• **WHAT THE EXERCISE ASKS**
Please output the data exactly, minus pictures.

• **INPUT DATA**
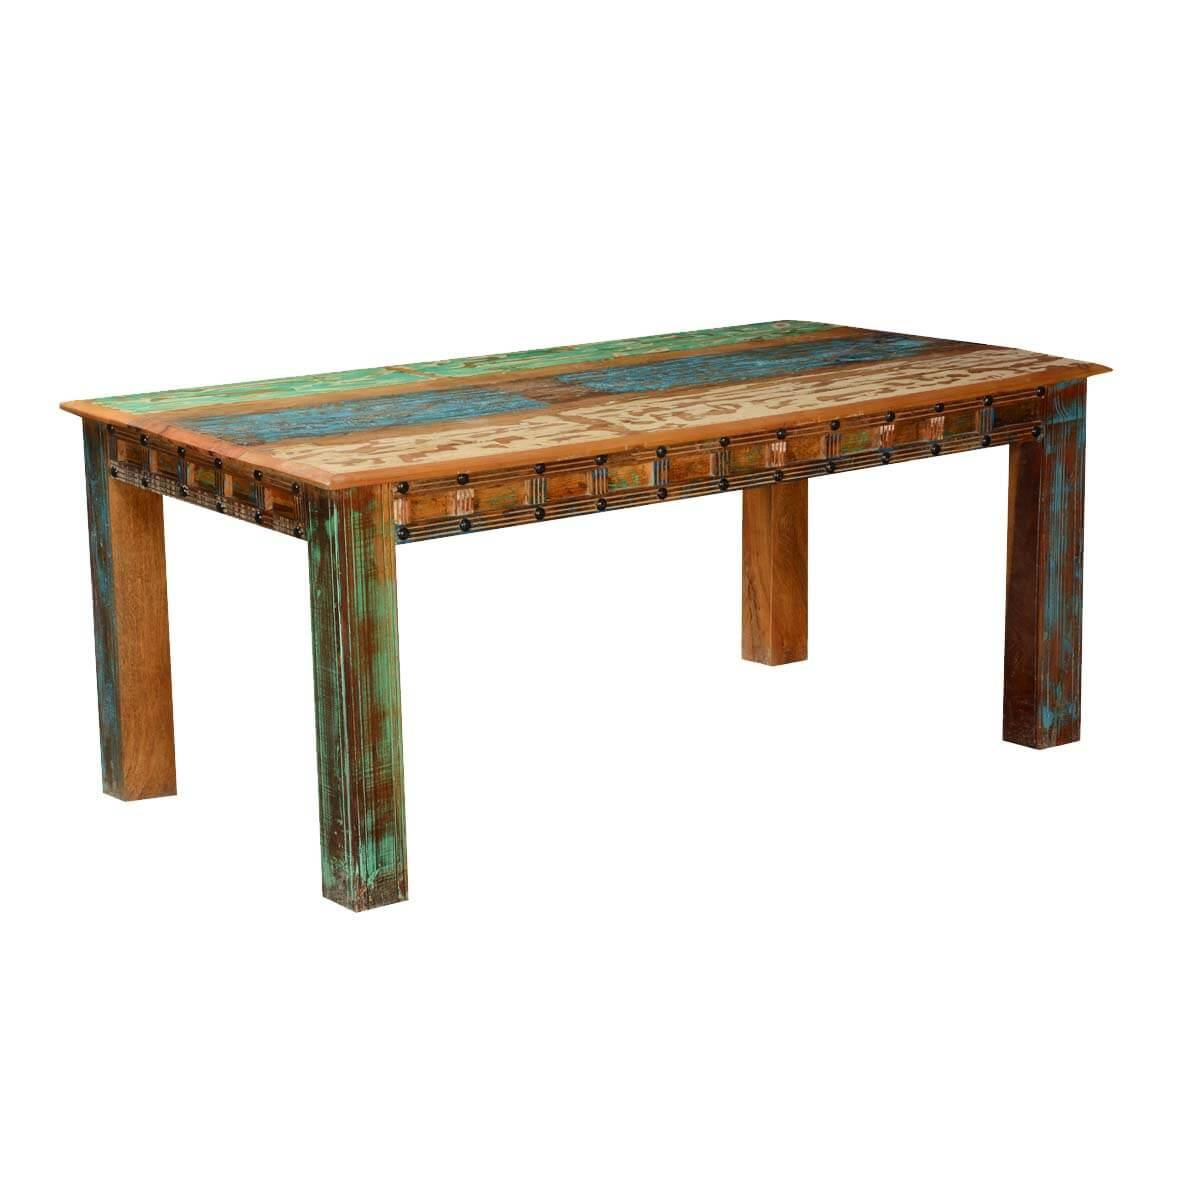 Rustic Rainbow Reclaimed Wood Dining Table
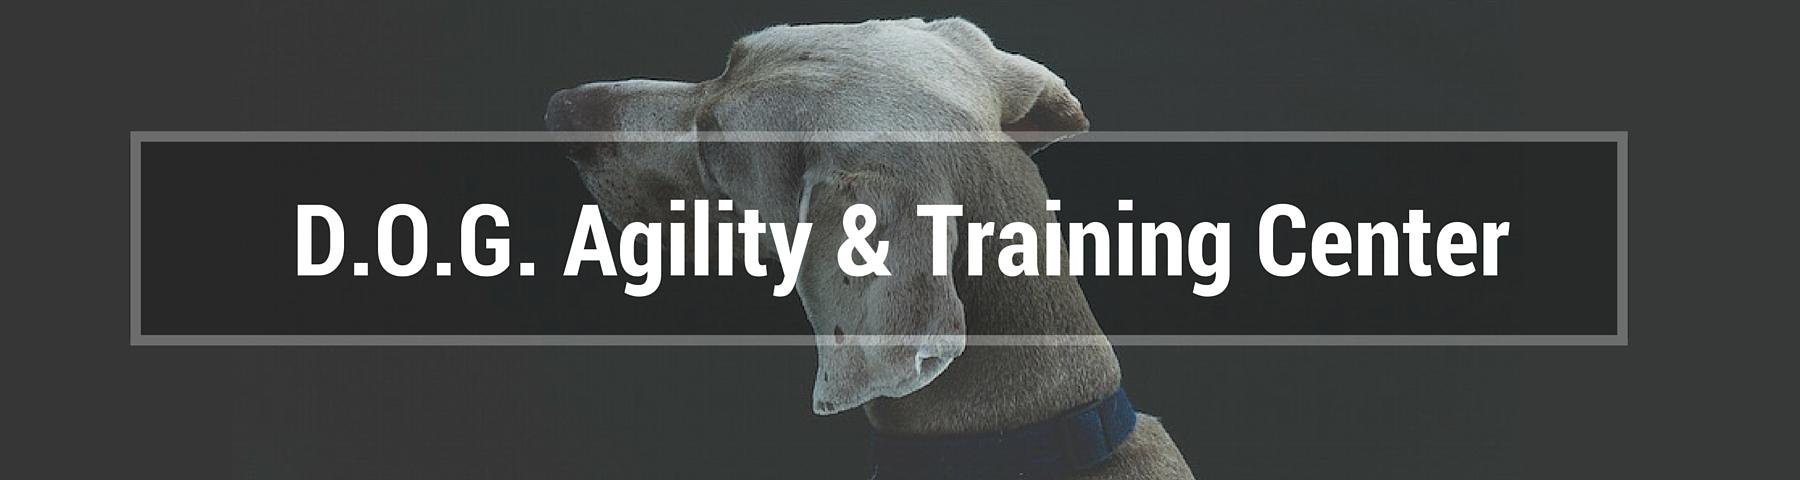 D.O.G. Agility and Training Center
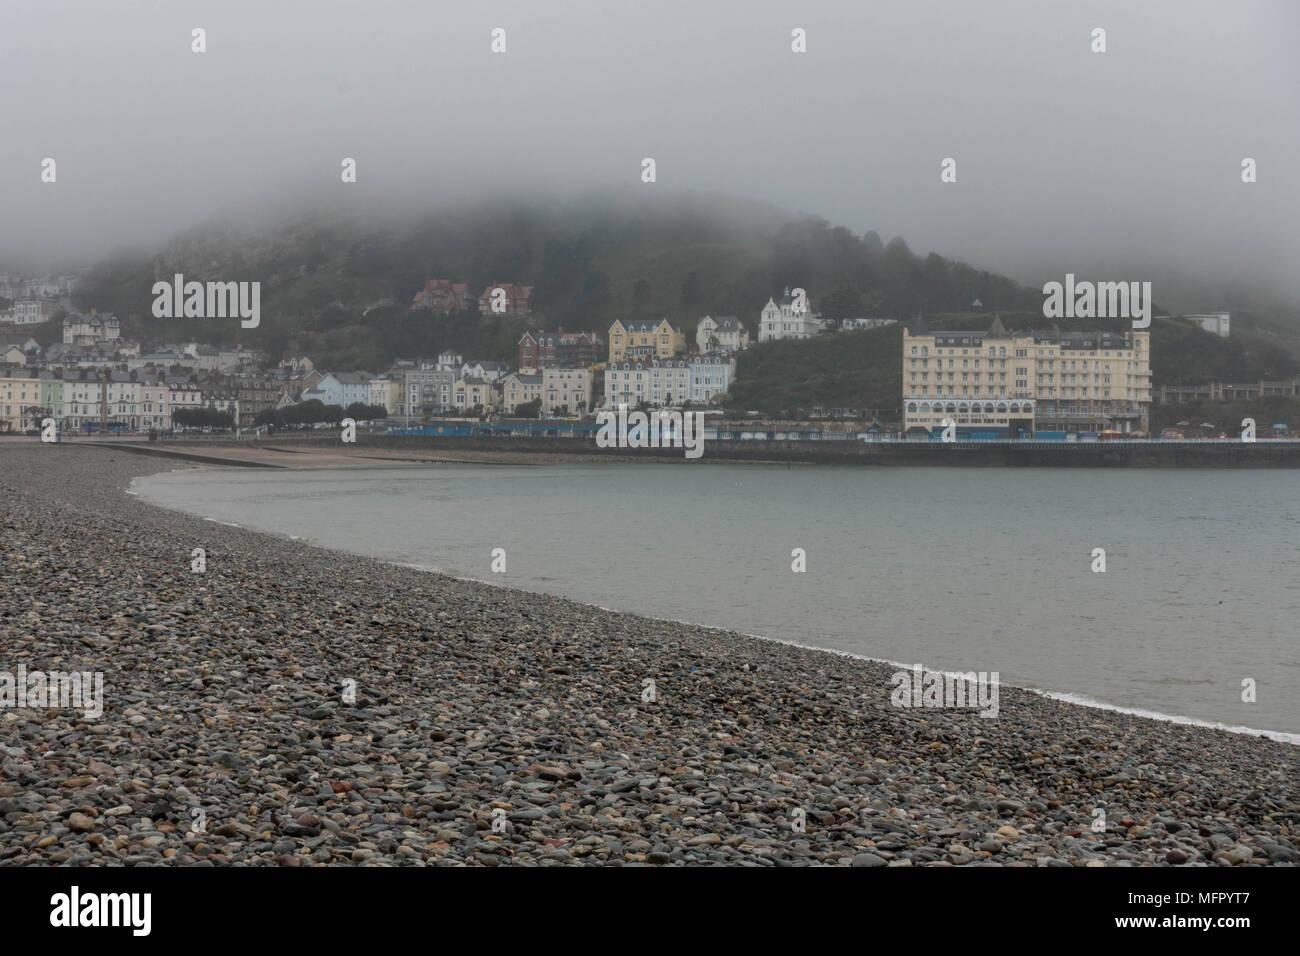 LLandudno seafront on a rainy April Day 2018 - Stock Image
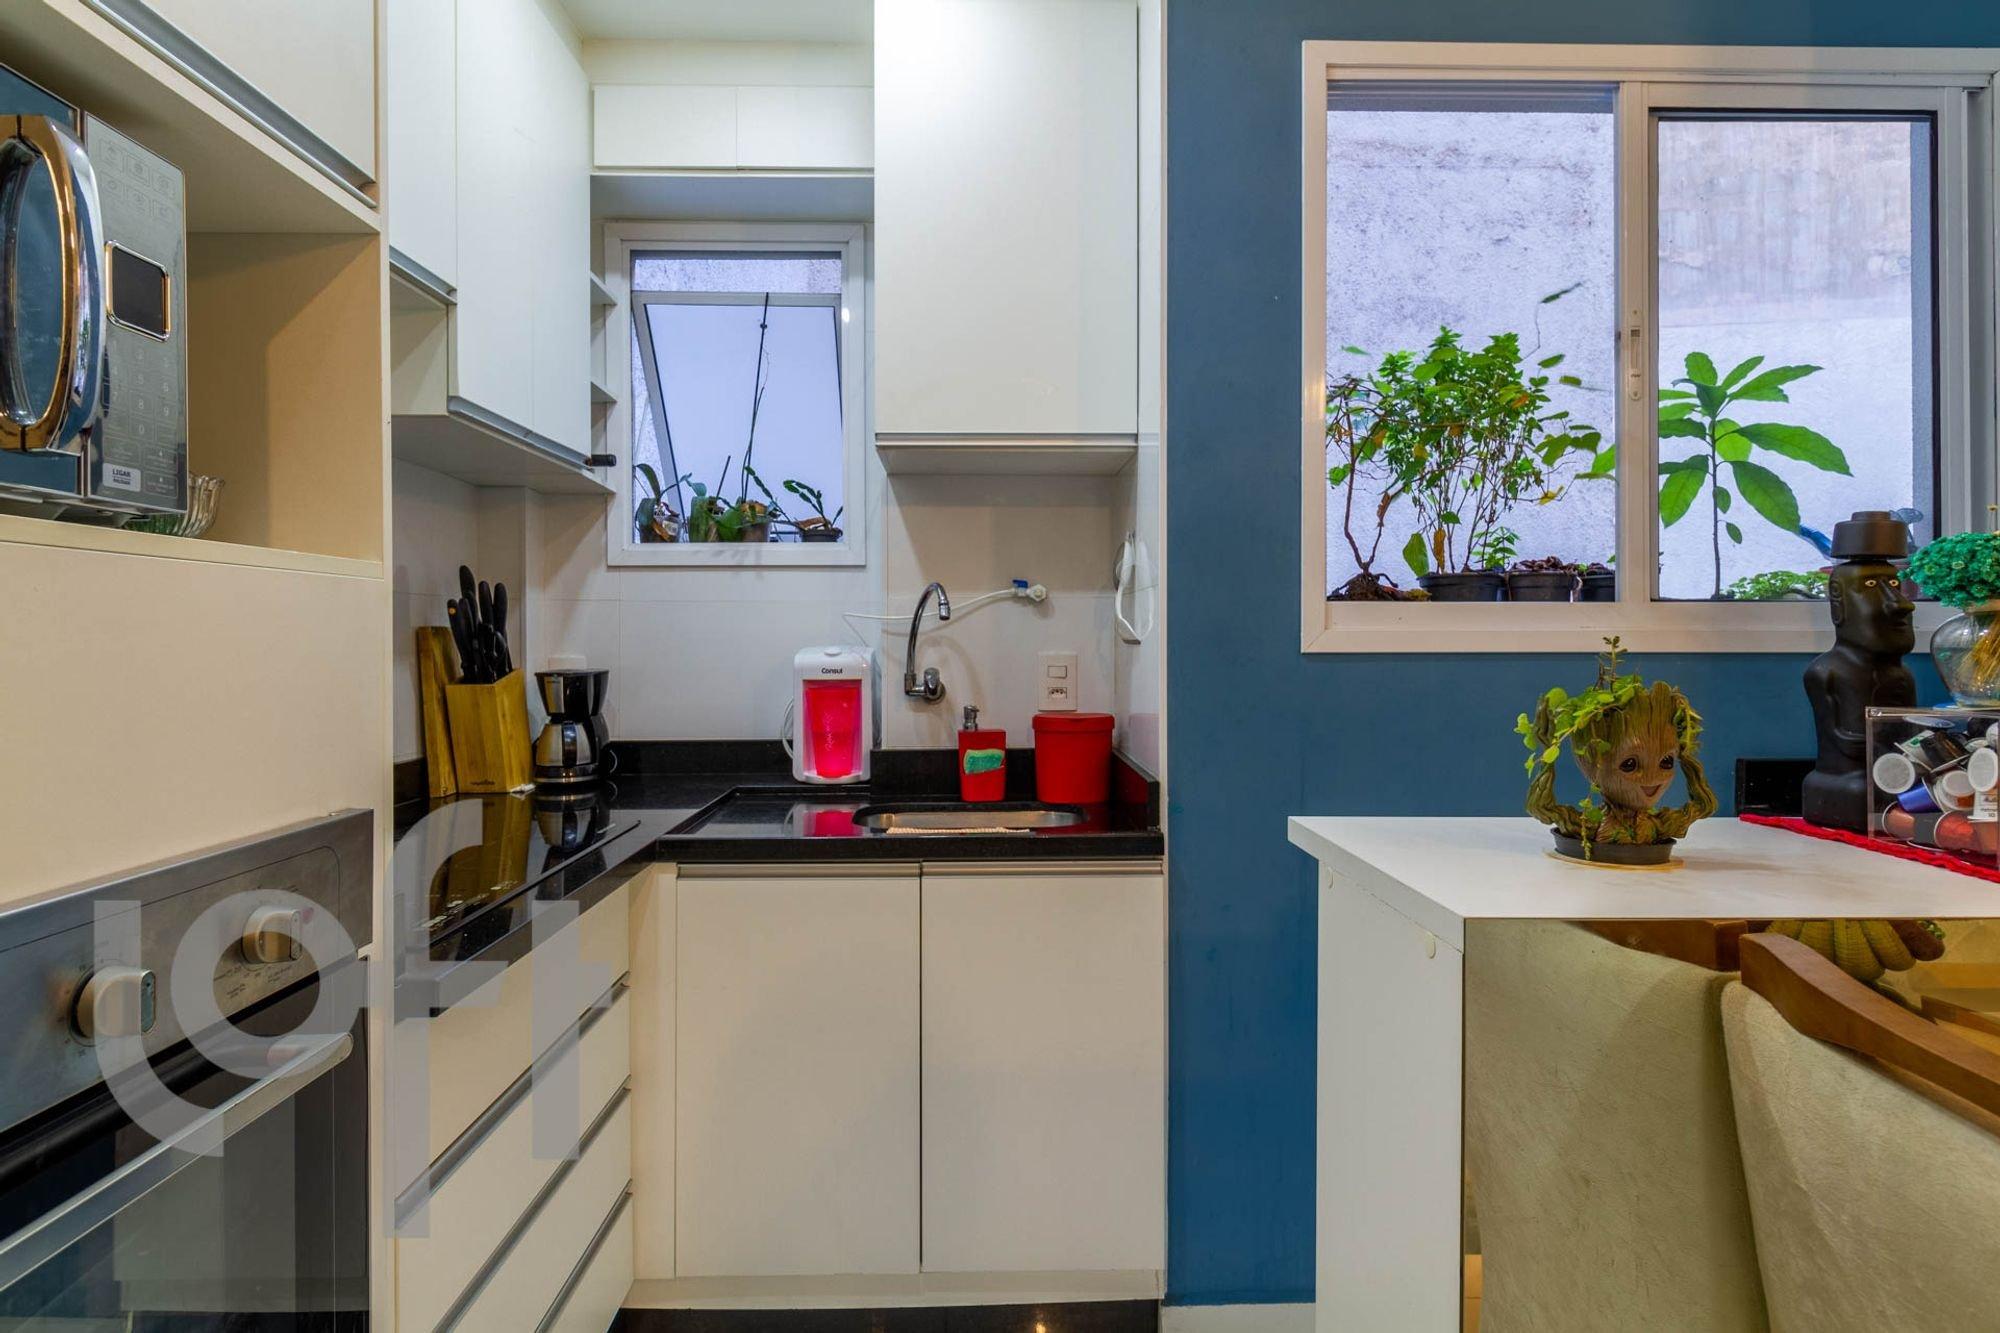 Foto de Cozinha com vaso de planta, faca, vaso, garrafa

• **ANSWER FOR THIS EXERCISE**
 Rustic Rainbow Reclaimed Wood Dining Table
 D.O.G. Agility and Training Center
 LLandudno seafront on a rainy April Day 2018 - Stock Image
 Foto de Cozinha com vaso de planta, faca, vaso, garrafa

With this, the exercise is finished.